Background. To explore whether a polymorphism in dopamine metabolism influences the effectiveness of neurological rehabilitation and the outcome after ischemic stroke. Methods. The Barthel Index (BI) and the Rivermead Motor Assessment (RMA) were assessed in 78 moderately affected stroke patients (1) after they had entered a neurological inpatient rehabilitation, (2) after 4 weeks of rehabilitation therapy, and (3) 6 months later. Polymorphisms of the gene encoding catechol-O-methyltransferase (COMT) were determined. BI and RMA results were analyzed with respect to the genetic profiles of COMT. Results. Carriers of COMT Val/Val alleles showed better results in BI and RMA than COMT Met/Met carriers at all 3 time points. Val/Met carriers exhibited results in between the homozygotes, suggesting a gene–dose relationship. Altogether, BI and RMA results were highly correlated. Conclusion. Stroke patients with COMT Val/Val alleles had higher motor functions and abilities of activities of daily living even at the beginning of the rehabilitation period. All patient groups improved during the rehabilitation period to a similar degree, suggesting that physical therapy is comparably effective in all polymorphism subtypes.

Keywords

stroke rehabilitation genetics COMT polymorphism

Introduction

Stroke is the most frequent disorder of the central nervous system and affects about 200 000 persons per year in Germany. The outcome depends on a number of variables among which age, the size of the brain lesion, the severity of symptoms at disease onset, the severity of damage to the corticospinal tract, glucose levels, early start of rehabilitation treatment, and the presence of cognitive and neuropsychological impairments are the most common.^1,2 In patients with a subarachnoid hemorrhage a genetic factor, the polymorphism in the gene that encodes for the brain-derived neurotrophic factor (BDNF), was found to influence the outcome.³ In our study, we were interested whether polymorphisms in the catechol-O-methyltransferase (COMT) gene modulate the outcome of patients with an ischemic stroke.

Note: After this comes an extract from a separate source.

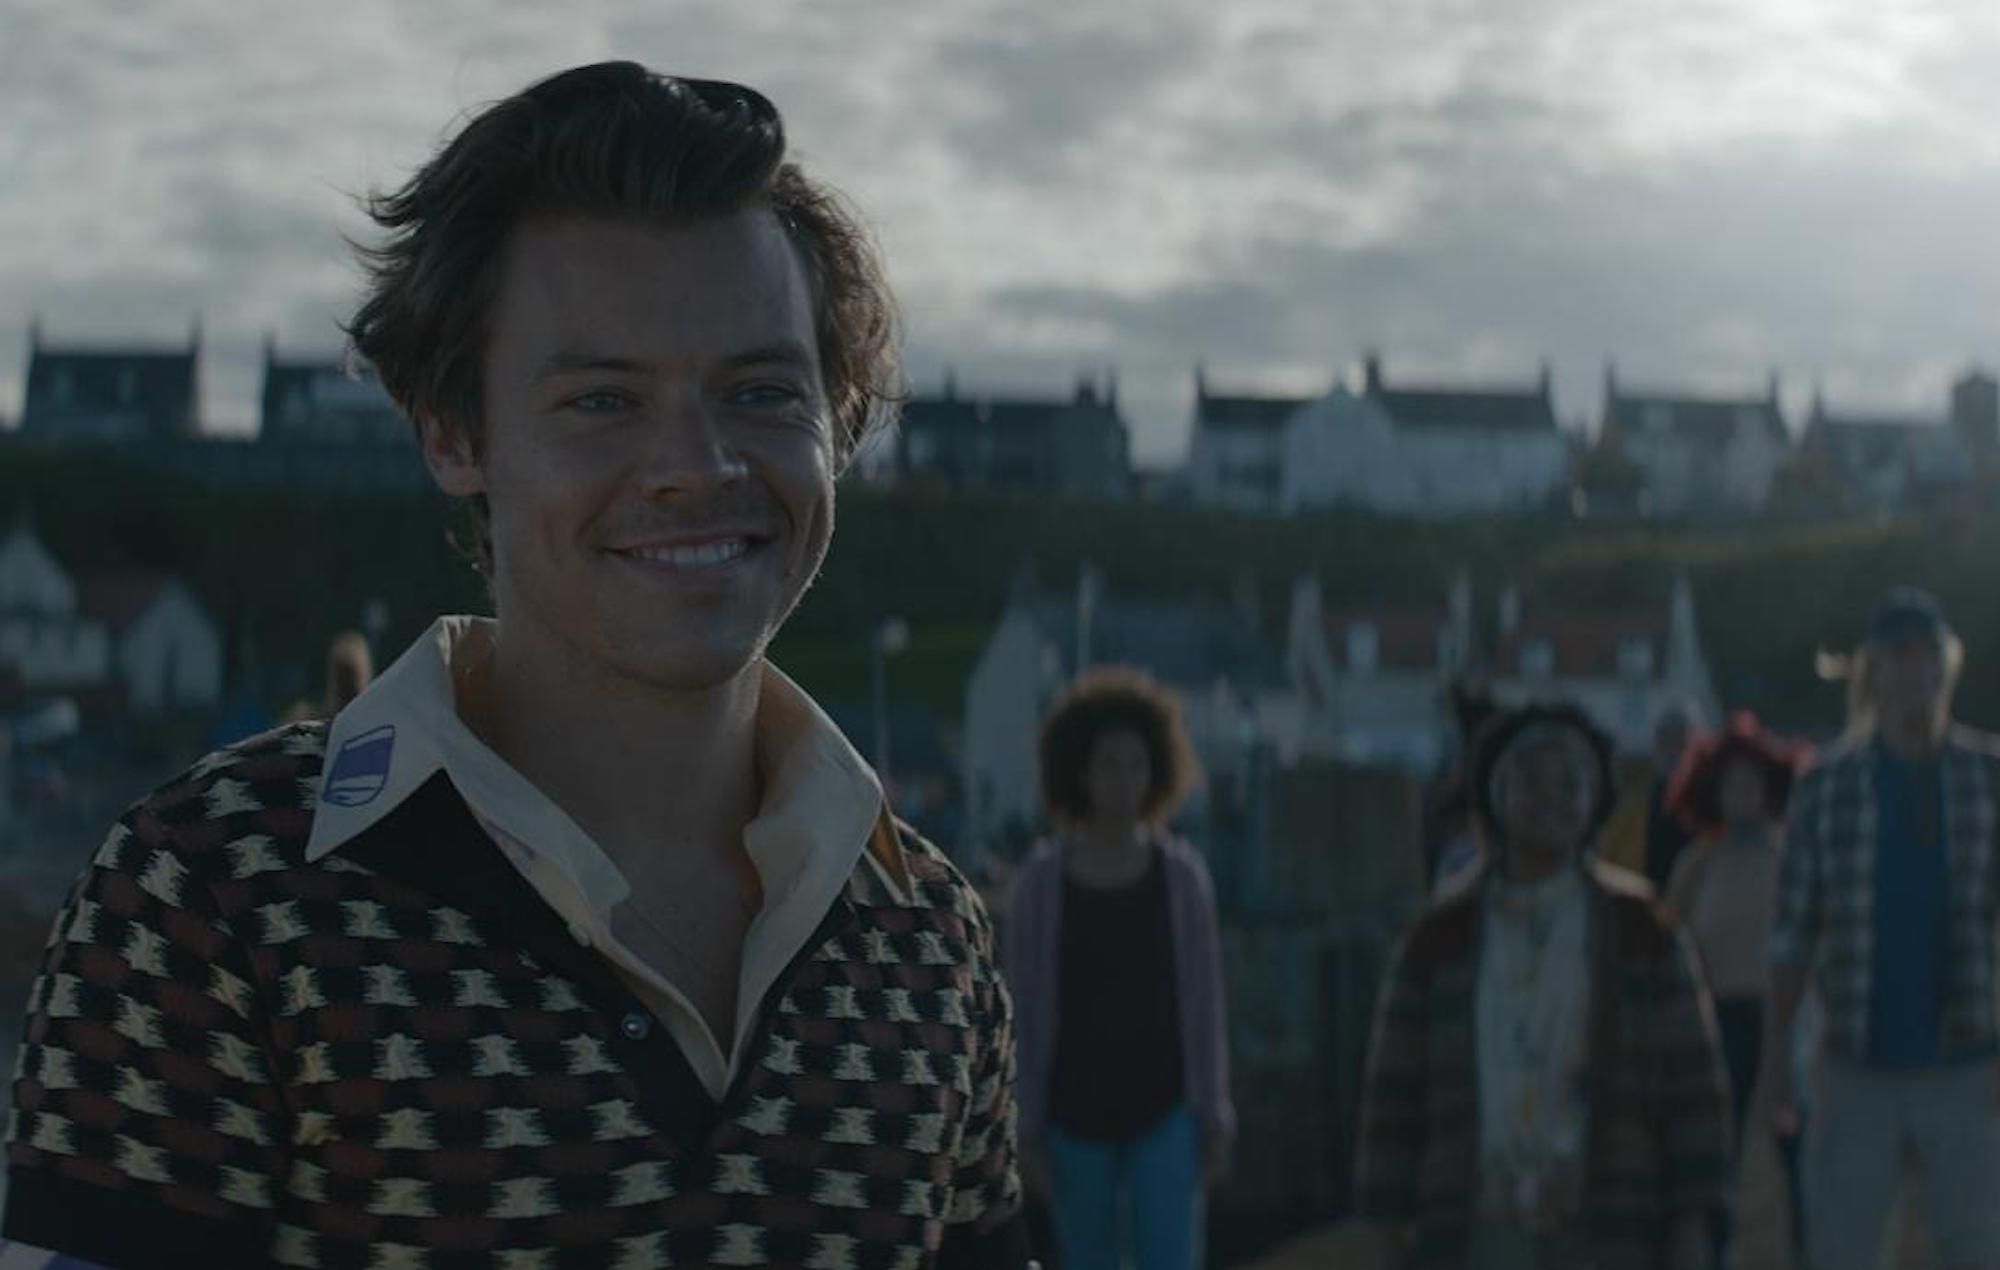 Harry Styles' fishy 'Adore You' video is one of the year's weirdest but also strangely beautiful

Catechol-O-methyltransferase is an enzyme that influences the availability of dopamine in the synaptic cleft by stimulating its degradation.⁴ Dopamine is an important neurotransmitter in the reward and executive system and has a major influence in motor learning. Application of dopamine improved cognitive functions^5,6 and motor functions in healthy subjects^7,8 and also in stroke patients.^9,10

In the COMT gene, position 158 either carries valine or methionine. In Europe and the United States of America, the Val/Val and the Met/Met polymorphisms in this gene are each found in about 25% of the population. The Val/Met combination is the most frequent polymorphism and can be found in about 50% of the population.¹¹ The Val allele is associated with higher enzyme activity, thus inducing a faster degradation of dopamine and a lower dopamine concentration in the synaptic cleft (for review, see Witte and Flöel¹²). In carriers of the Met/Met polymorphism, COMT showed a lower thermostability and a lower enzyme activity, leading to higher dopamine levels in the synaptic cleft. It was shown repeatedly that Met 158 allele carriers displayed better executive functions, and had larger working memory capacities, better episodic memory retrieval, and a higher level of attention in reaction time tasks than Val 158 allele carriers.^13,14 But this population also showed more disorganized personality features.¹⁵ On the other hand, carrying a Val 158 allele was associated with improved ability to verbalize emotions, with an improved sustained attention¹⁶ and with a higher cognitive flexibility.^17,18

Our aim was to find out whether the outcome after an ischemic stroke and, in particular, the effectiveness of neurological rehabilitation, would differ according to the COMT gene polymorphism.

Methods

Patients

We included 83 patients (mean age, 68.7 years; 30 women; 45 left-sided hemiparesis) with a recent ischemic stroke (mean duration since stroke onset, 19 days). All patients gave informed consent and the study was approved by the ethics committee of the University of Constance. Inclusion criteria were a first ischemic stroke less than 3 months prior to study inclusion and a Barthel Index (BI) of less than 80 points at admission into the rehabilitation hospital. Exclusion criteria included aphasia, apraxia, dementia, recurrent stroke, intracranial hemorrhage, diseases of the spinal cord, peripheral nerves or muscles, severe diseases of heart, lung, liver, or kidneys, and conditions that might interfere with the understanding of instructions or the ability to give consent. All patients participated in an inpatient rehabilitation program. In all patients, computed tomography or magnetic resonance imaging of the brain had been performed to ensure the diagnosis of an ischemic stroke. Further details are provided in Table 1. Patients were included in the study within the first 7 days after admission to the hospital. A total of 3 clinical examinations were performed as follows: immediately after inclusion in the study, 4 weeks later, and 6 months later. Clinical testing comprised a neurological examination, the BI, and the Rivermead Motor Assessment (RMA). During the rehabilitation period, a blood sample was taken and sent to the laboratory to determine the COMT genotype. The study was double blind. Clinicians did not know the COMT polymorphism pattern, and the laboratory did not know the results of the clinical testing or the patient’s name.

Table 1.

Clinical Characteristics of the Patient Group.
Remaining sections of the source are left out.